Crystalline microresonators, such as those based in MgF2, are ideally suited for nonlinear optics due to their potential for extremely high Q-factor, efficient GHz-range repetition rate solitons, and straightforward fabrication. However, as a discrete bulk element, leveraging this intrinsic advantage over other materials to generate solitons and low-noise microwave signals has hitherto required the use of sub-optimal coupling elements. PWBs challenge the status quo by offering a new means of coupling light into microresonators. In the last decade, PWBs have matured from a novel form of photonic chip interconnect45,46 to a commercially viable and scalable technology. Here we demonstrate the versatility of these free-form waveguides beyond standard point-to-point routing functionality between chips. PWBs can also serve as efficient evanescent coupling elements for generating solitons and low-noise microwave signals, with performance comparable to that found in traditional tapered fiber-microresonator or prism-microresonator systems. Not only can these PWBs provide low insertion loss and handle the optical powers necessitated by the nonlinear power threshold of MgF2, but they also hold the potential to support fully passive integration. In particular, we demonstrate effective and robust PWB coupling to a MgF2 microresonator with an extinction ratio of 85% and a quality factor \(\sim\) 1 billion, as well as a soliton microcomb and pure (− 123 dBc/Hz at 10 kHz offset) microwave signal at a 14.2 GHz carrier.

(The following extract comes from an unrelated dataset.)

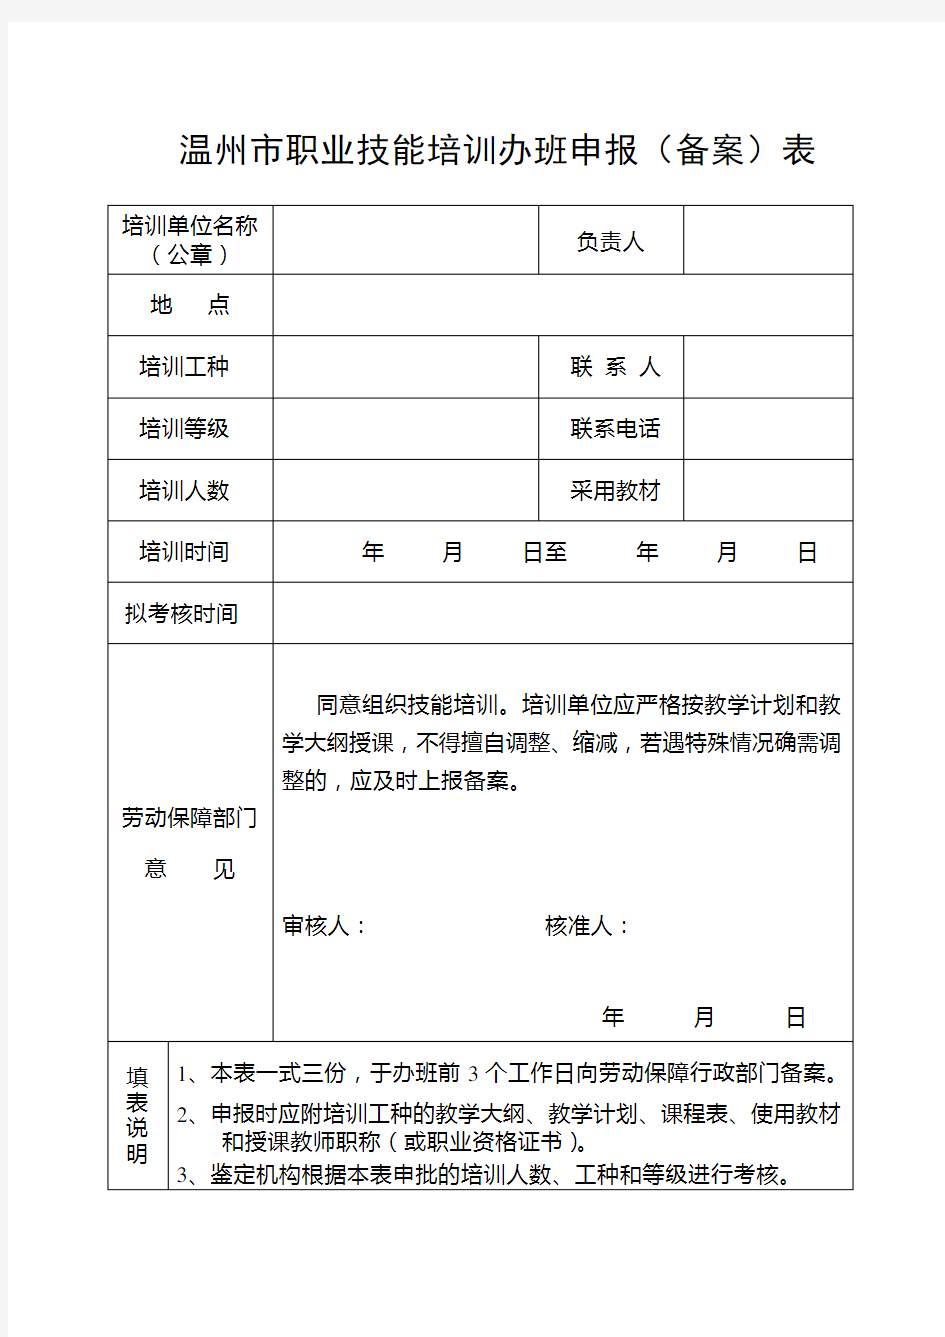 温州市职业技能培训办班申报(备案)表

Potentially one of the most exciting possibilities offered by PWBs is passive alignment to discrete photonic elements like crystals during the writing process, which drastically increases manufacturability. The results reported in this work come from PWBs written to V-groove FAs, which were then actively aligned to the microresonator protrusion to reach the optimal coupling position with high modal density and large extinction ratios. Such in situ positional monitoring is in fact not strictly necessary. Future iterations can envision writing the PWB directly from a PIC onto the microresonator protrusion at a pre-specified location (see SI). Neither component is displaced post factum and the need for active monitoring during alignment vanishes. Thanks to the robust optical coupling of PWBs, scalable PIC technologies can finally benefit from integration with high-performance crystalline microresonators. Moreover, PWBs need not be limited to microresonator-coupling: applications such as environmental sensing and light-driven soft robotics using fragile and bulky coupling components, like tapered fiber, profit from smaller more rugged PWB-based systems.